D’où l’espoir de Jeremic que l’année 2009 sera celle de l’intégration européenne, que les Etats membres de l’UE trouveront un consensus sur l’ASA et l’accord intérimaire * et que les Serbes seront bientôt traités comme des Européens et puissent librement circuler et voyager dans l’espace Schengen. Selon Vuk Jeremic, 70 % des Serbes n’ont pas encore été dans un pays de l’Union européenne, "et pourtant, ils se sont prononcés majoritairement pour l’intégration européenne, ce qui constitue un véritable acte de foi". Jeremic pense que la Serbie devrait être en mesure dès 2009 à faire acte de candidature pour adhérer à l’Union européenne.
Jeremic déclara ensuite qu’il fallait agir l’un vis-à-vis de l’autre de bonne foi et s’arranger avec les "lignes rouges" à ne pas dépasser des uns et des autres. La Constitution serbe, ajouta-t-il, oblige par ailleurs le gouvernement serbe à défendre la souveraineté et l’intégrité territoriale du pays. La politique de Bruxelles devrait respecter cette constitution au risque de compromettre la stabilité et l’intégration des Balkans occidentaux.
Jean Asselborn, lui répondit que l’Union européenne se concentrera sur l’ASA et l’accord intérimaire, sur le déploiement et l’action de l’EULEX et sur l’approfondissement des relations avec la Serbie : "Avec le Kosovo, nous avancerons pas à pas et verrons ce qui est possible et impossible." Une position partagée par Jeremic pour qui "le Luxembourg soutient définitivement une accélération du rapprochement avec l’Europe".

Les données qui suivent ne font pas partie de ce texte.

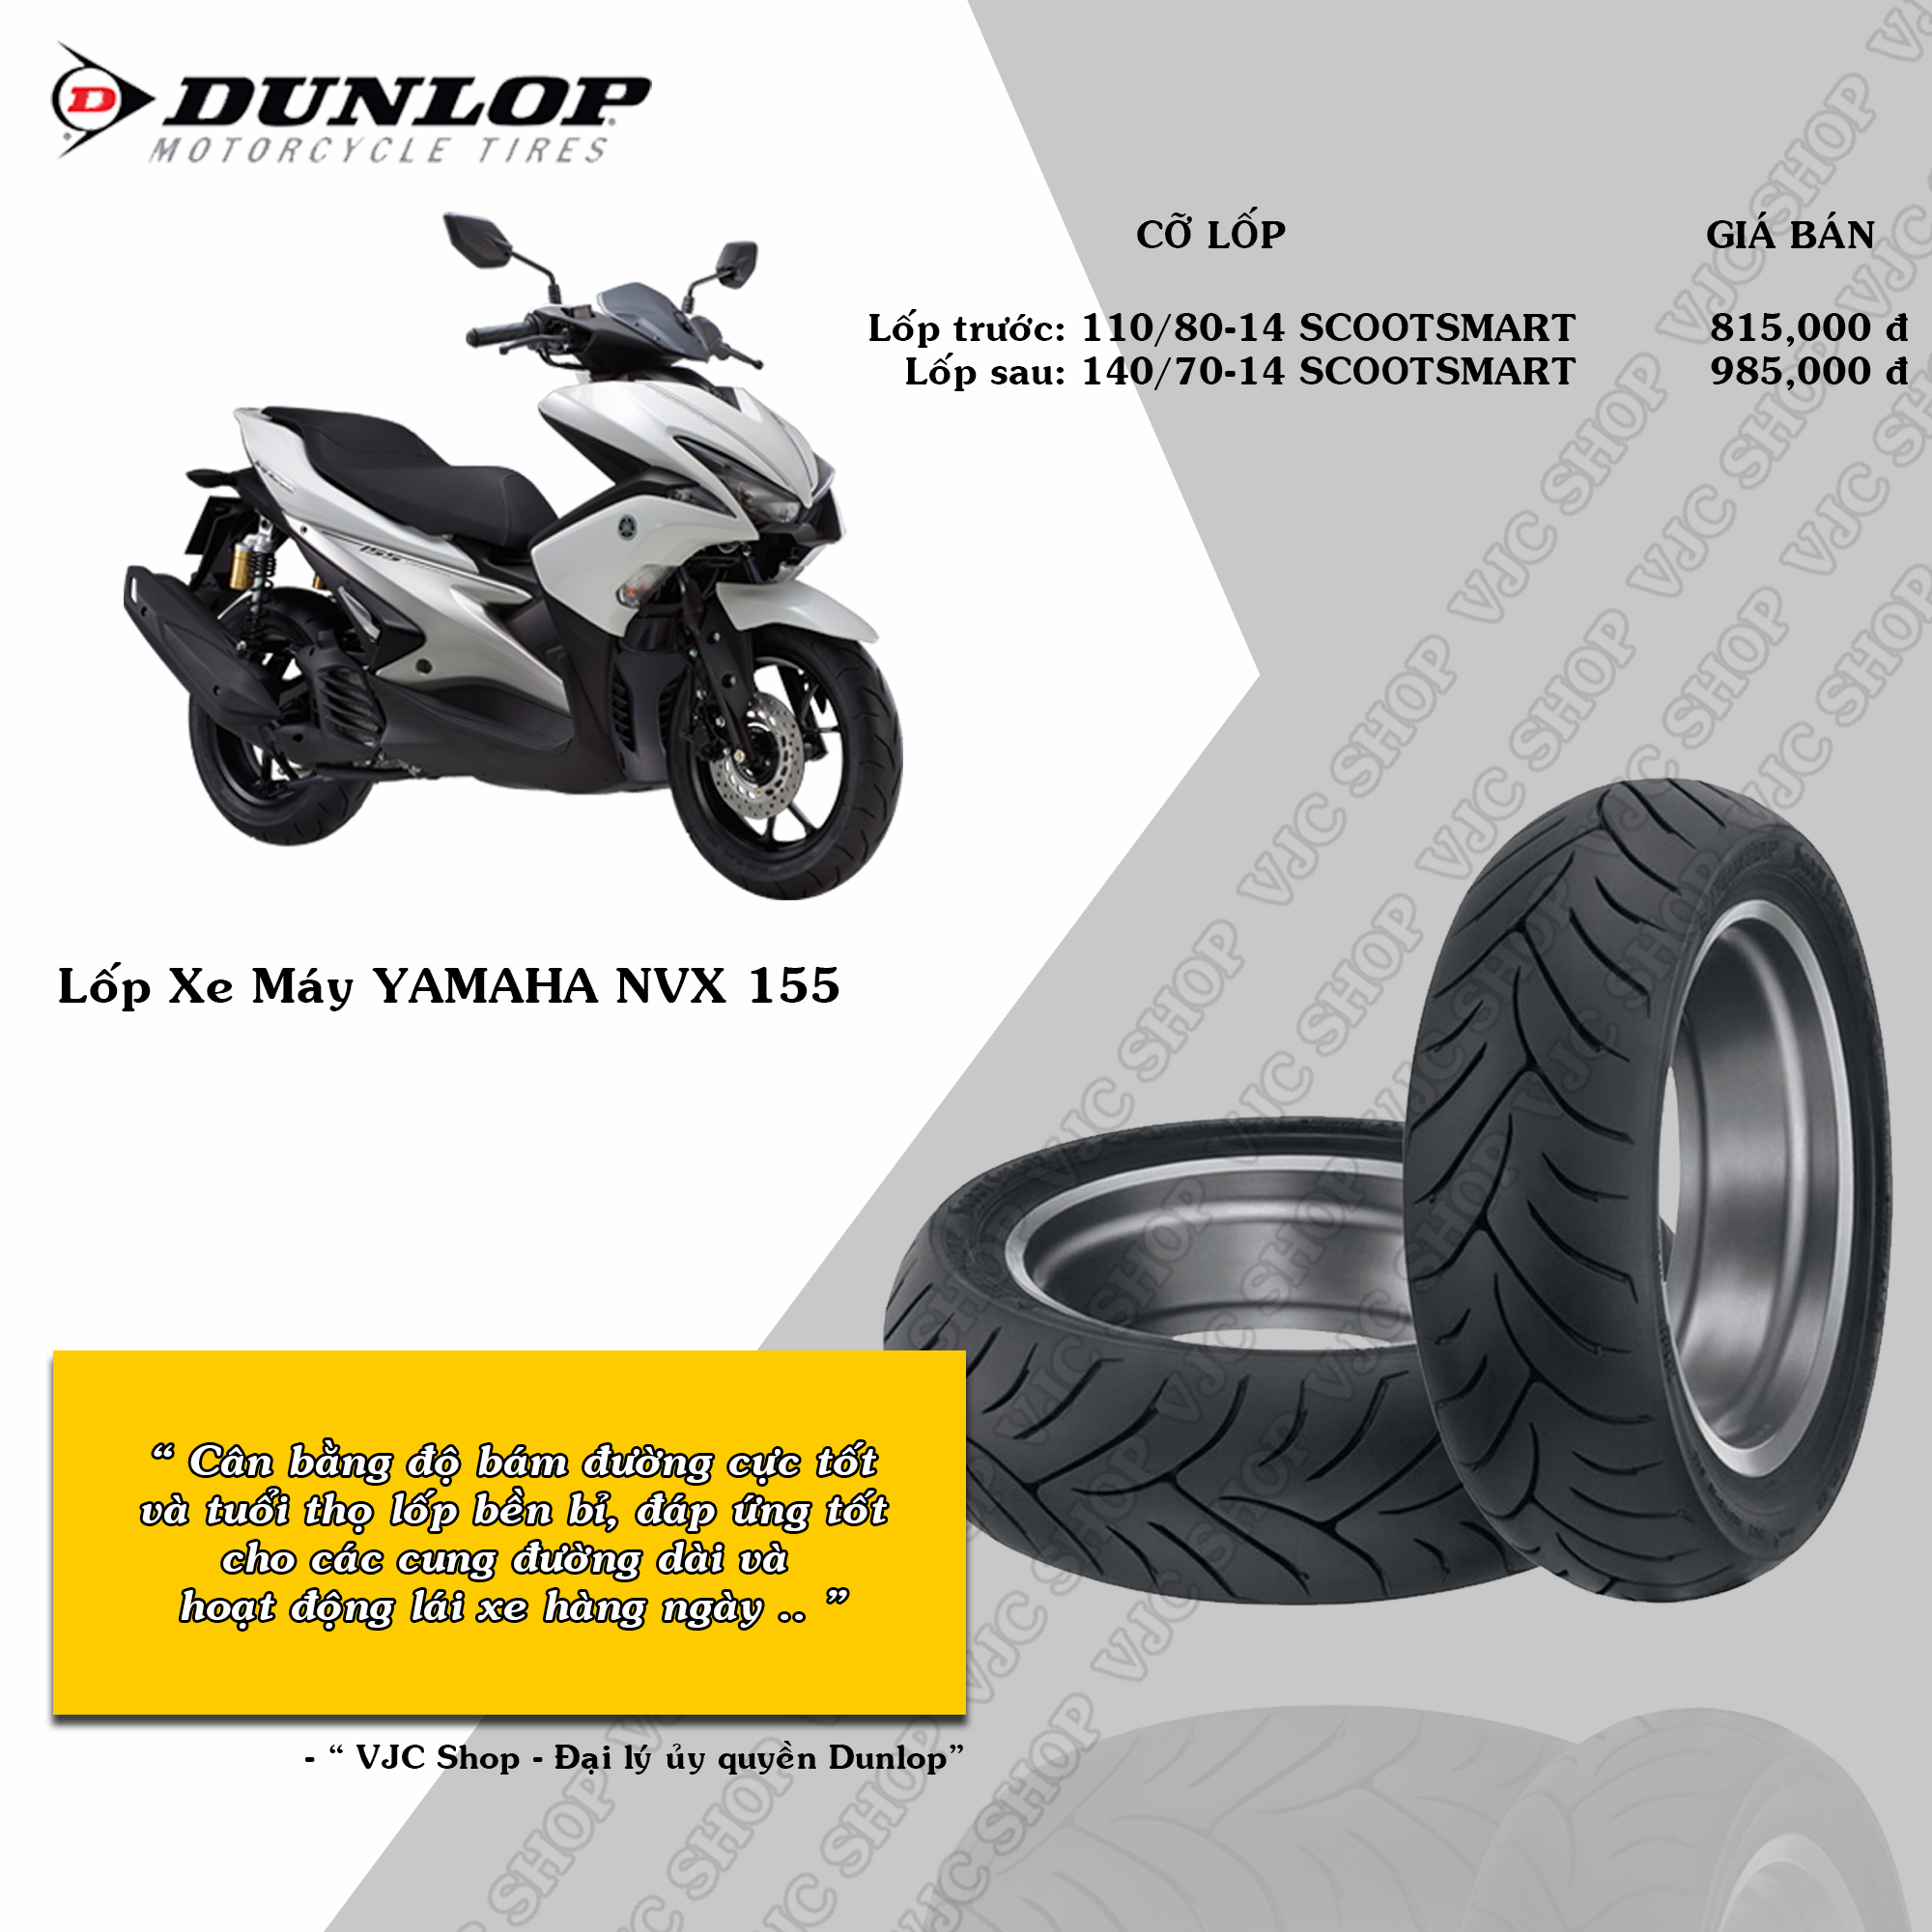 Lốp Dunlop Cho Yamaha NVX 155 Chính Hãng

* Cet accord intérimaire prévoit entre l’Union européenne et la Serbie un dialogue politique, un accord sur le libre-échange, une libéralisation du régime des visas, notamment pour les jeunes Serbes qui désirent voyager et étudier en Europe, et une coopération dans le domaine de l’éducation qui doit se traduire par une participation de la Serbie au programme ERASMUS. Ce paquet de mesures reprend une partie des éléments contenus dans l’ASA. Mais à la différence de l’ASA, qui doit être ratifié par le Parlement européen et les 27 parlements nationaux des Etats membres de l’UE, cet accord politique n’a pas besoin de ce type de ratification.